As the rules are currently written, current H-1B visa holders will not have to pay the $100,000 fee for renewals. It is unclear whether companies that acqui-hire other firms’ employees will have to pay a fee when they transfer existing visa holders into their own workforce. 

If that’s the case, Kapuria said, the policy essentially becomes a new tax on acquisitions, making them more expensive and riskier. 

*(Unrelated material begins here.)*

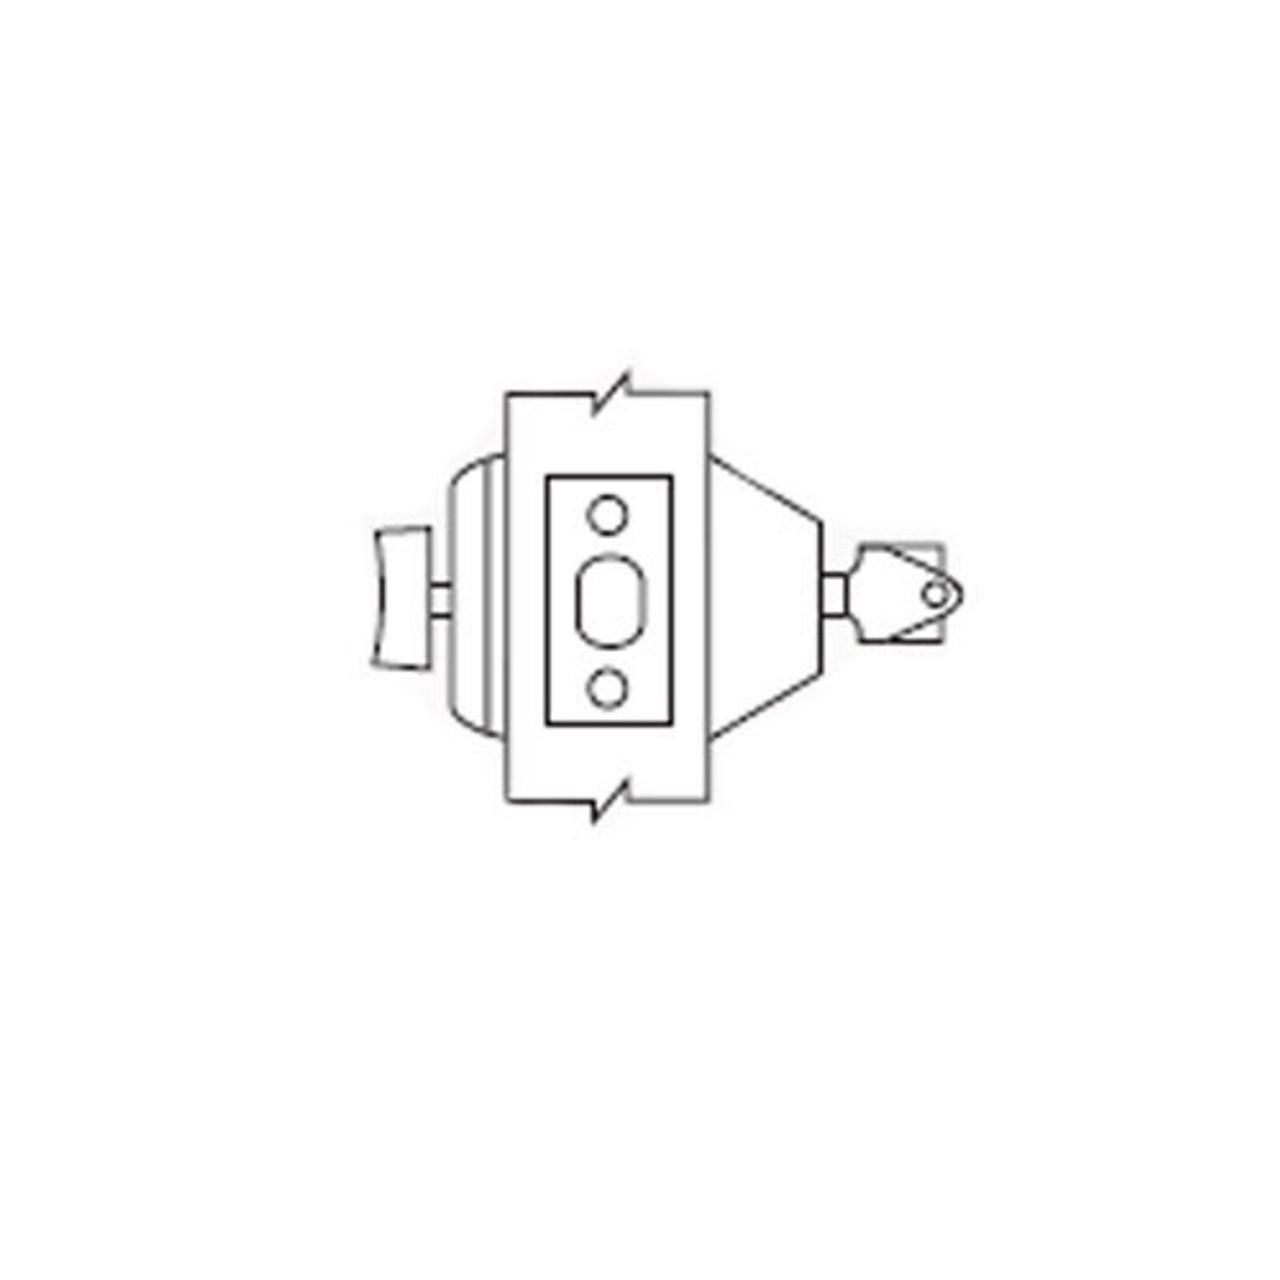 d61 10b arrow lock d series deadbolt single cylinder with thumbturn in dark oxidized satin [ 1280 x 1280 Pixel ]
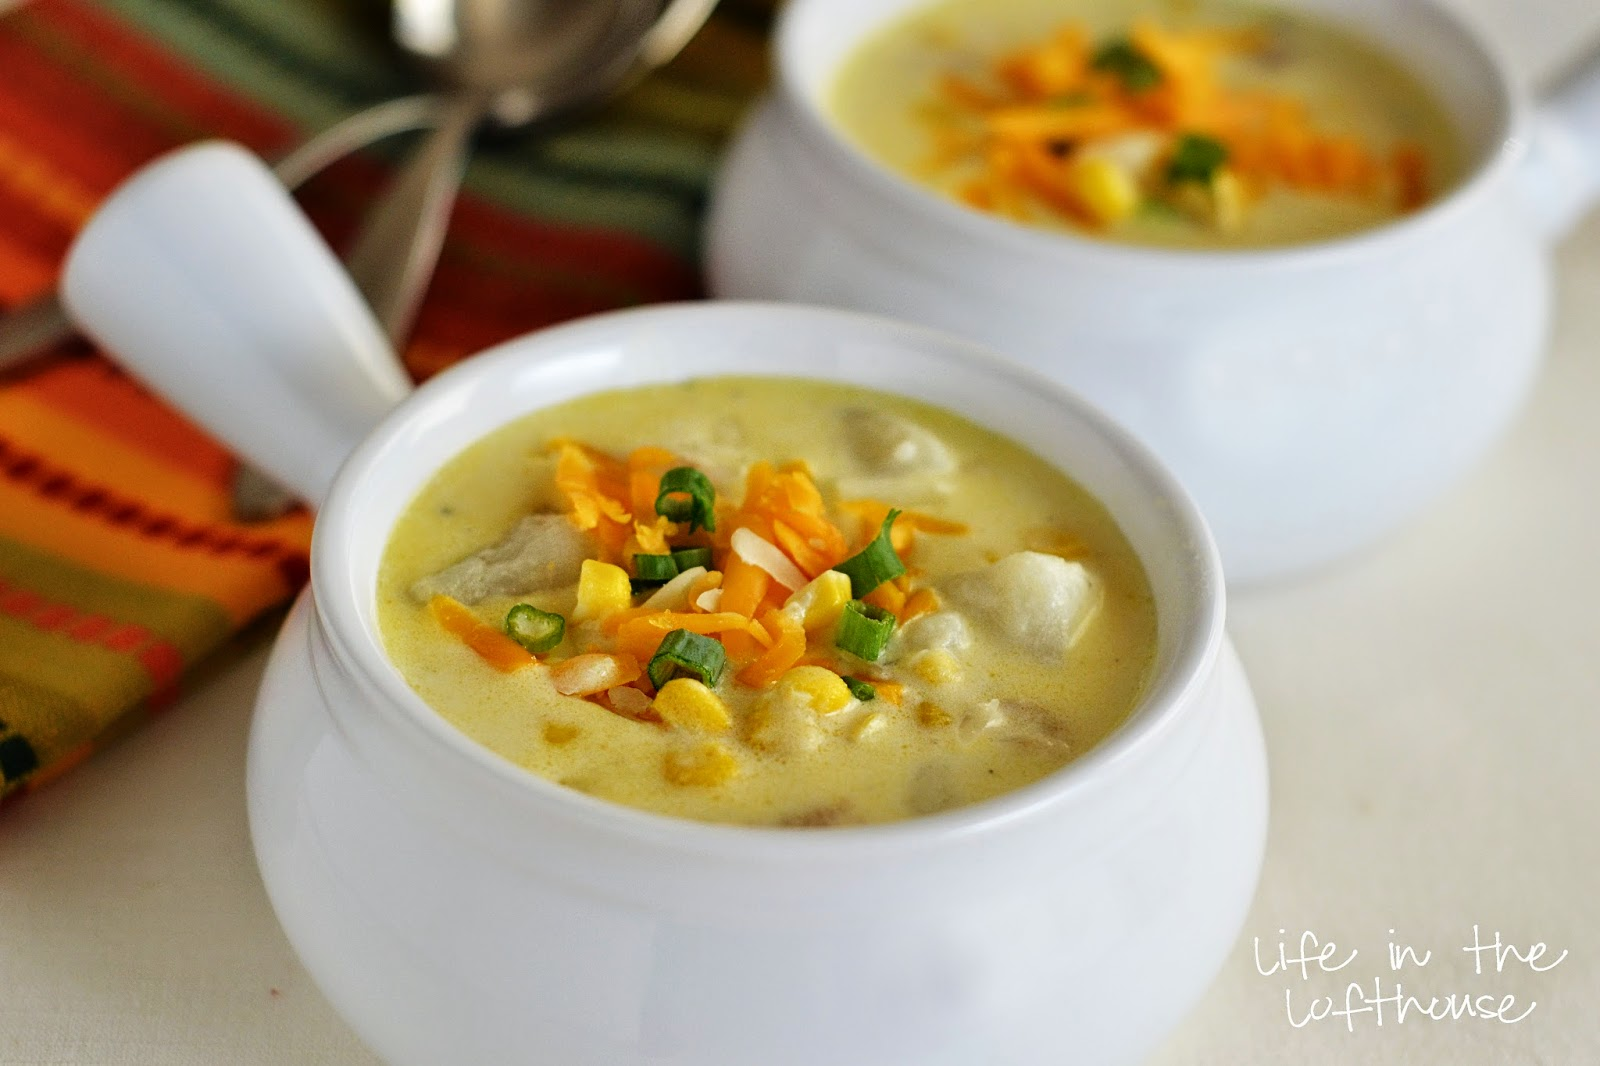 how to make chili soup

“Firms could respond in lots of other ways,” says Hernandez. “They could offshore, they could outsource, they could hire remote workers overseas more as well.” 

In extreme examples, companies unable to pursue any of these options could end up shutting down hard-to-staff initiatives, creating even further job losses.

Hernandez points to the ongoing shortage of top talent (opens in new tab) for artificial intelligence projects. “What happens when you aren’t able to hire those key engineers on an H-1B visa? You have to shut down the project,” he says, “That means you also can’t hire the administrative assistants and project managers and other complementary workers that you can only hire if you have the workers with the core skills to build the AI bot.”

The bottom line? “You can see that the assumption that this is creating jobs or increasing wages for U.S. workers falls apart — you’re doing precisely the opposite of that.”